How is hosing money over the poorest in the community - who don't work and produce nothing - going to help end the recession?
What "vital investment" in London's mass transit system? How is that going to end the recession? And how is this going to play in the rest of the country where the folks don't avail themselves of London's transport sysem?
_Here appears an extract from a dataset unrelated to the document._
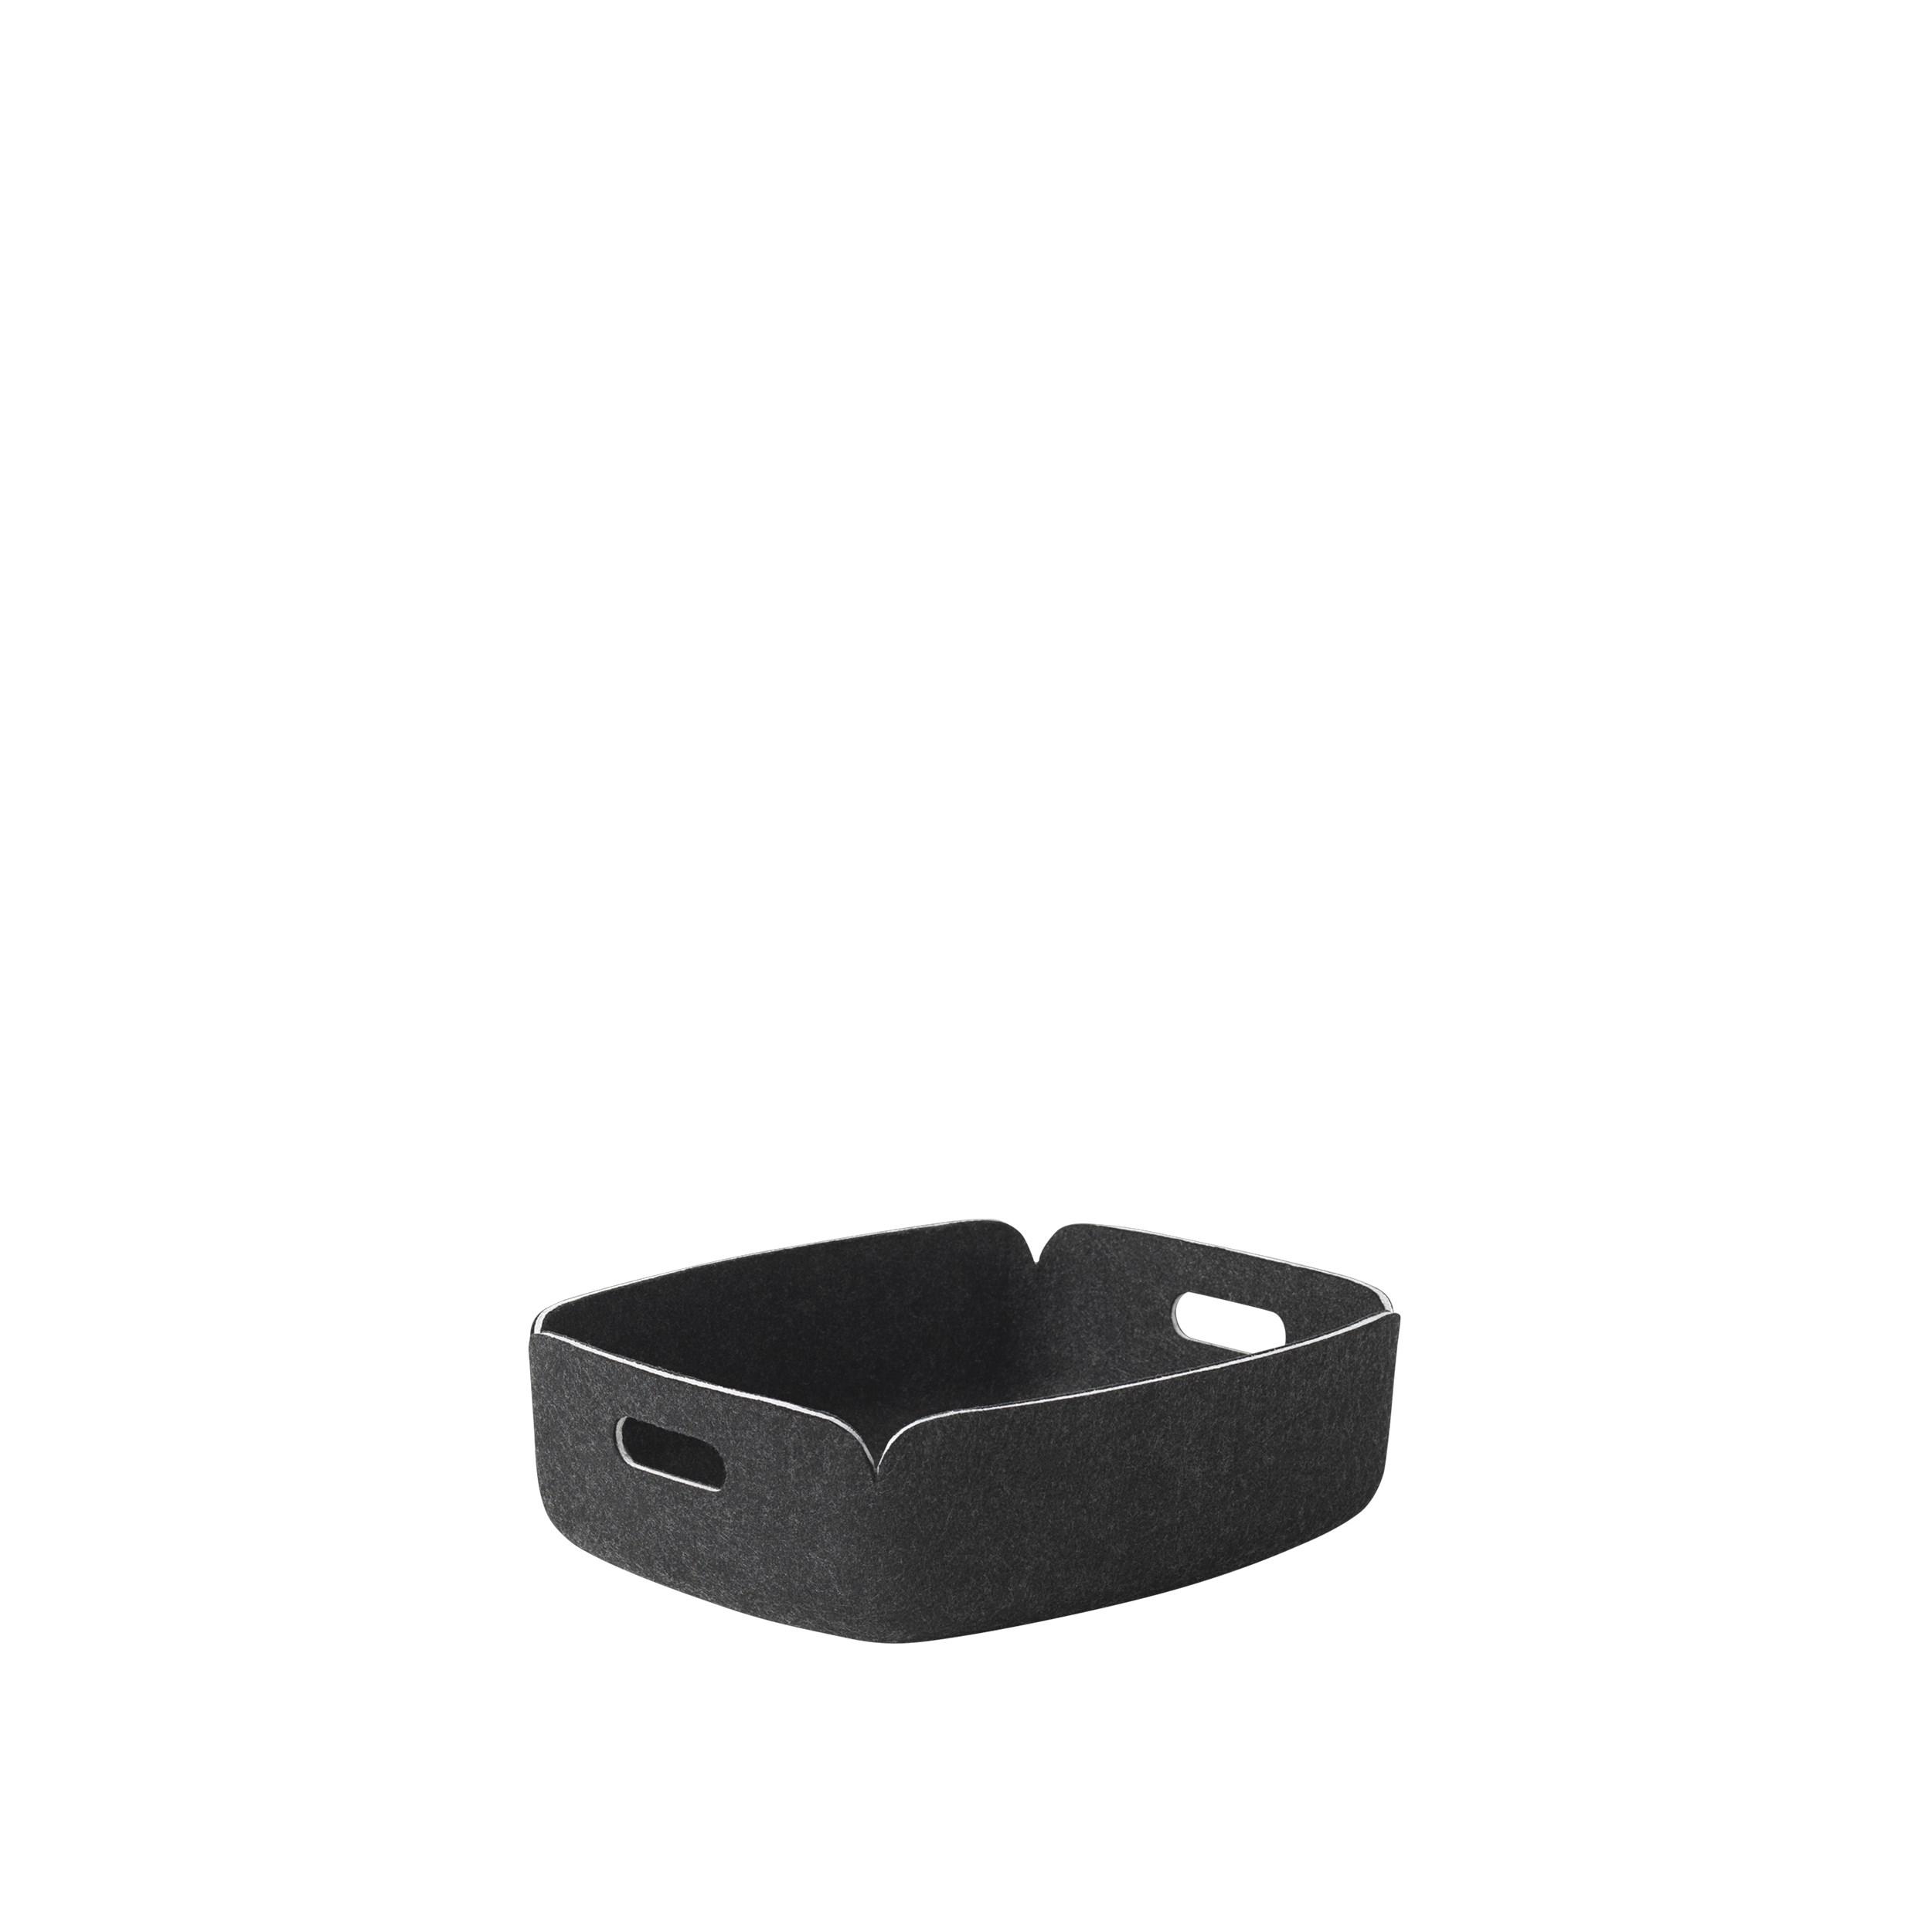 Restore tray black melange

And in "fighting crime", which the British police are no longer allowed to do in any case, going to help end the recession.
What posturing rubbish.
bill
December 31st, 2008 1:55pmI never did like Apocalypse Now that much nor the Deer Hunter come to mention it. First Blood was more my scene. Boris tends to leave me cold in any event.
David M
December 31st, 2008 2:02pmDo you have to be a polymath to be able to quote Apocalypse Now and Homer? I would have thought it just required a mouth.
Martin
December 31st, 2008 2:09pmMy favourite recent gem from Boris was when on the World at One he was being interviewed by Brian Hanrahan on City job losses and Boris said, "I've counted then all out and I'll count them all back". Hanrahan remainded straight faced. Priceless.
Hysteria
December 31st, 2008 2:14pmI think I agree with Verity - cheap and easy soundbites meaning not terribly much - I think Heffer's approach in the Telegraph today is more close to the mark....
Nicholas
December 31st, 2008 2:48pmGood article and thanks for providing the link to it. I suspect the "message" in the film, which boils down to the fact that those with moral restraints in war will be defeated by those without them and then lose everything to the extent that the value of moral restraint will be gone, is lost in the slightly cartoon characterisation and weirdness of the film.
The Vietnam war was won by the North on the campuses of America, in Fleet Street and in the studios of the BBC, as the "war against terror" will be lost in those same places. But the context of the film must now also be seen in the story of Vietnam post-war. So much was given and for what? Was all that fighting, dying and suffering ultimately for nought?
The Taliban are driving through the Swat Valley in Pakistan, not defeated and ousted as suggested by your article, closing schools, putting women in shrouds and beheading "traitors". What will happen there eventually, and in Afghanistan and in Iraq?
The unfundamental West can't protect its values from assault and those values are at risk of being obliterated, partly from weakness, partly from appeasement and partly from the fundamental fifth column within, the Jon Snow School of Leftist Reporting, who ensure that the scrutiny remains firmly on what the West does and not what its enemies do. They will do for us all in the end.
Meanwhile we delude ourselves with hearts and minds, democracy, and all the other fallacies of Vietnam. The soldiers speak a different kind of jargon nowadays but have learned not a thing.
Verity
December 31st, 2008 3:07pmExcellent post, Nicholas and I share your despair.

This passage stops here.